The construction of the republic virtually enssures that there will not be one but two competitive parties at the federal level and state constitutions typically do that for states as well. The most obvious ways to enable multiple electorially viable parties is to have a Parliamentary Democracy and also one of many systems that provides for Proportional Representation. Such techniques are now used in some state and local elections, with mixed designs and mixed results.
But the electoral realities have led some left of center factions, nowadays including DSA and CPUSA, to endorse the "Vote for Democrats to defeat the Fascist Right" point of view, even though at one time both the major socialist group of the time and the Communist Party ran their own candidates. The Communist Party only quit running candidates after 1988, partly driven by their loss of funding from the Comintern. But it also shows the flexibility of Marxism-Leninism.
Other groups, such as the Green Party and PSL, often disparage the Democratic Party completely, sometimes making very unrealistic claims about the electoral viability of their candidates.
What's worse, groups even identify with their currently chosen position that they disparage the other one far more than those who all would agree are even worse, Republicans and far right.
After having studied the realities of electoral politics during the last election cycle, including theoretical analyses of voting impact, I've come to the conclusion that the best thing to do is Vote However You Damned Please.
This stems from both cynicism and optimism. Cynically, the chance that your vote in any federal election is astronomically small, smaller than one over half the total number of voters, according to a very sophisticated probabilistic analysis by some economists a few decades ago. When I pondered their analysis, but added the effect of pre-existing tendencies, they would only make the number much smaller. So the probability of my vote changing a state-wide election would be not just one over millions but one over trillions or quadrillions. Which is, more or less, the way it seems. The result is pretty well baked in already. Texas is a solid Republican state under present day rules that Republicans control.
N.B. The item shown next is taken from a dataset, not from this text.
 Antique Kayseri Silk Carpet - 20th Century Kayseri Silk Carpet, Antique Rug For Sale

Why give up the opportunity to speak with your real true voice, as loud and clear as you can, to enter such a game you are virtually certain to lose (as in fail to have an effect on the result)? It's optimistic to believe that making your voice heard in such a way will change anyone's mind on anything, but it could.
(And nowadays, I always have the perfect argument post-facto for a "3rd-party" vote. Just look at the totals, and my one vote for a lesser evil would still leave the lesser evil millions away from victory, so don't blame me.)
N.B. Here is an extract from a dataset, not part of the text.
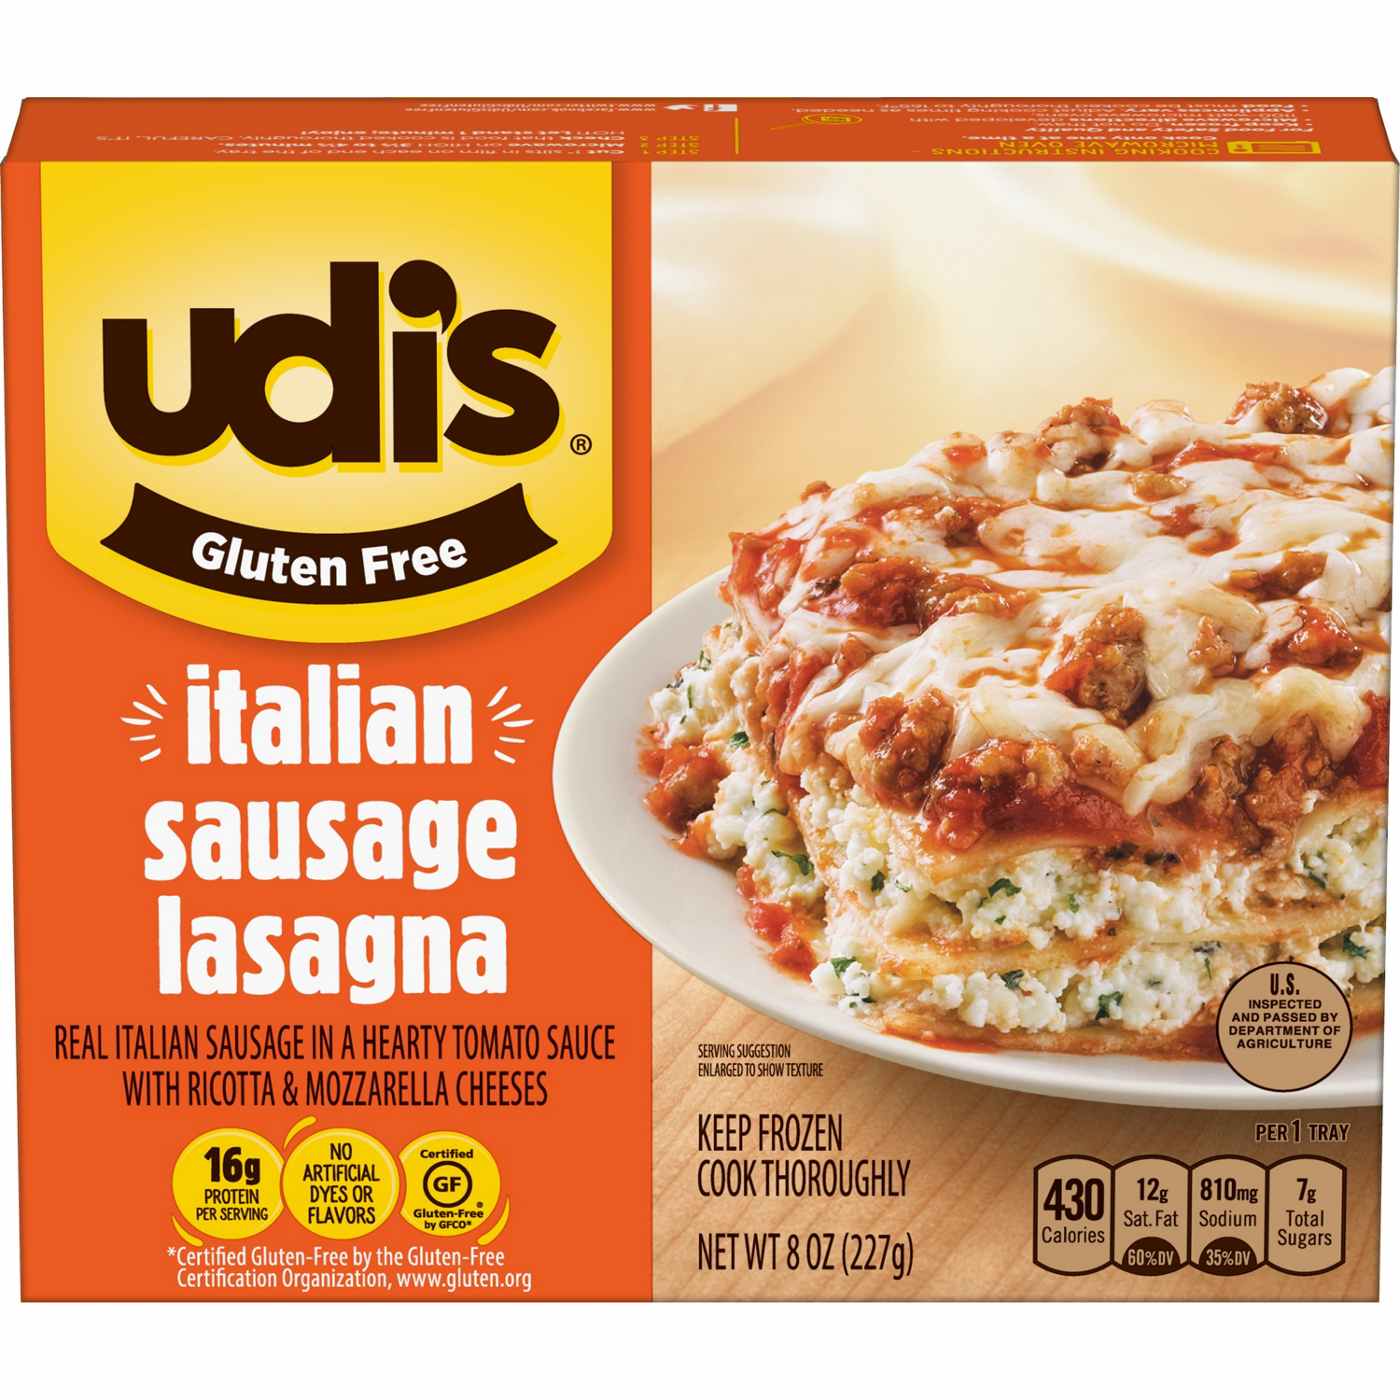 Udi's Gluten-Free Italian Sausage Lasagna Frozen Meal; image 1 of 7

Voting for a candidate who truly represents your values would get noticed, if enough people had the courage to cast that sort of vote.
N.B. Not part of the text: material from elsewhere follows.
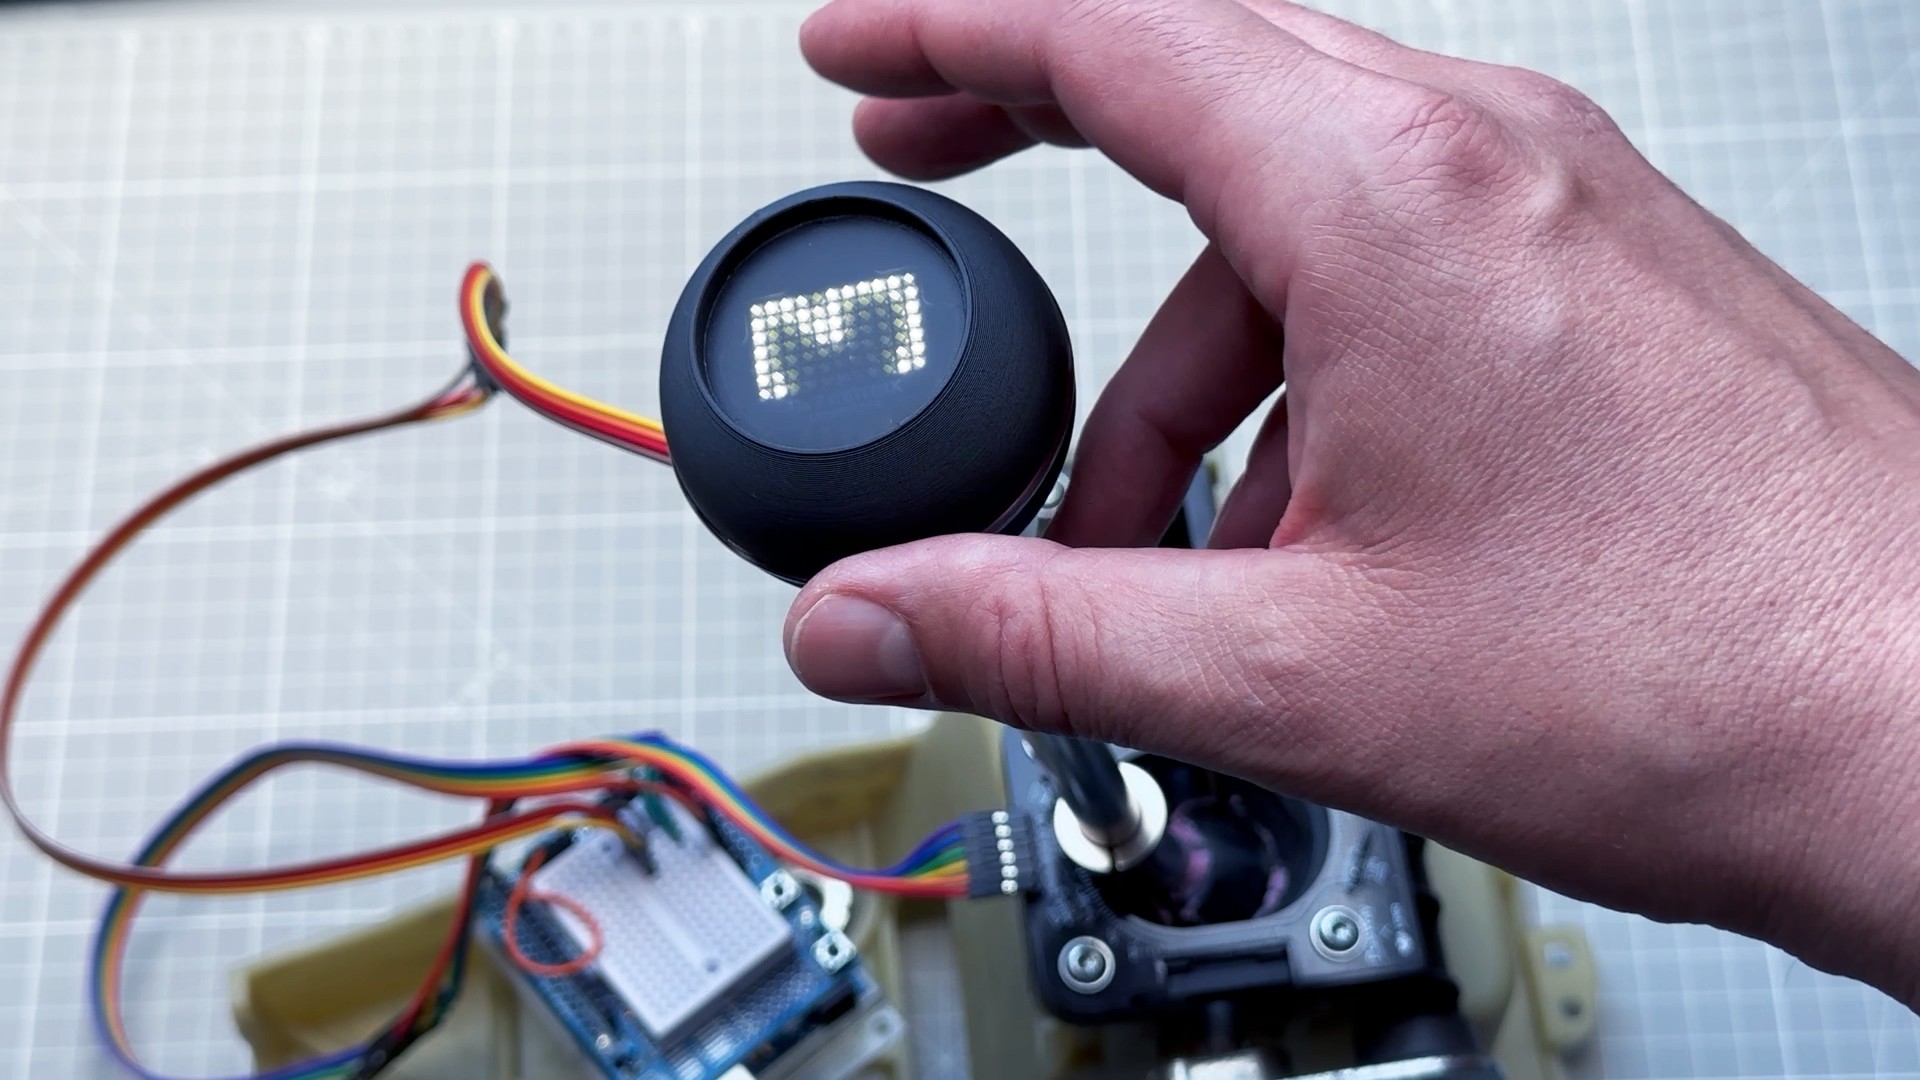 DIY shifter knob gets a beautiful integrated LED gear indicator

Now the very rational Noam Chomsky recommended long ago that you vote for the best person in a Presidential election, unless you live in a swing state. In that case, he recommended voting for the lesser evil, most likely a Democrat.
That's a decent argument, but for me personally it would mean the same thing as what I just said, because I do not live in a swing state, nor do most people for that matter. But I go farther out in my argument than Chomsky does here.
But I've finally come to the conclusion that squabbles over electoral politics simply aren't worth arguments among and between left groups. As long as none of us votes for the greater evil, we're all cool. We can still denounce it just the same as those who voted for the lesser evil.
What we always need to get across is our ideas, not necessarily our candidates today.
I myself would probably vote for a progressive Democrat also to make the point that's who Democrats should be running. I felt no angst in not voting for Holocaust Harris, who promised to keep up the genocide on Palestinians that Biden had been engaged in. But I might well have voted for Bernie Sanders, even though I realize now how compromised he is too.
And then once you get past the "who will actually be elected" arguments, there's what happens in that the vast majority of popular ideas will be suppressed and elite ideas amplified, no matter who gets elected. So whatever astronomically small chance your vote has in changing election, the odds that it will change any policy outcome is much smaller still.
Meanwhile, if true parties of the working class begin to get enough votes to be competitive, everyone will notice. Eventually, they could replace one of the other two major parties.
So, Vote for whoever you damned please.
And don't waste any time trying to persuade working class voters with a different defined political tendency to change their minds. It's not worth the effort, and only leads to more division. And tamp down such arguments when they are presented to you. Concentrate on the shared concerns which create the broadest popular fronts for organizing and the dissemination of information.
The truth is, it's barely worth voting at all. And the truth is damned important, maybe even more important than "who wins." If enough people know the truth, the fire can be brought to any ruler's feet.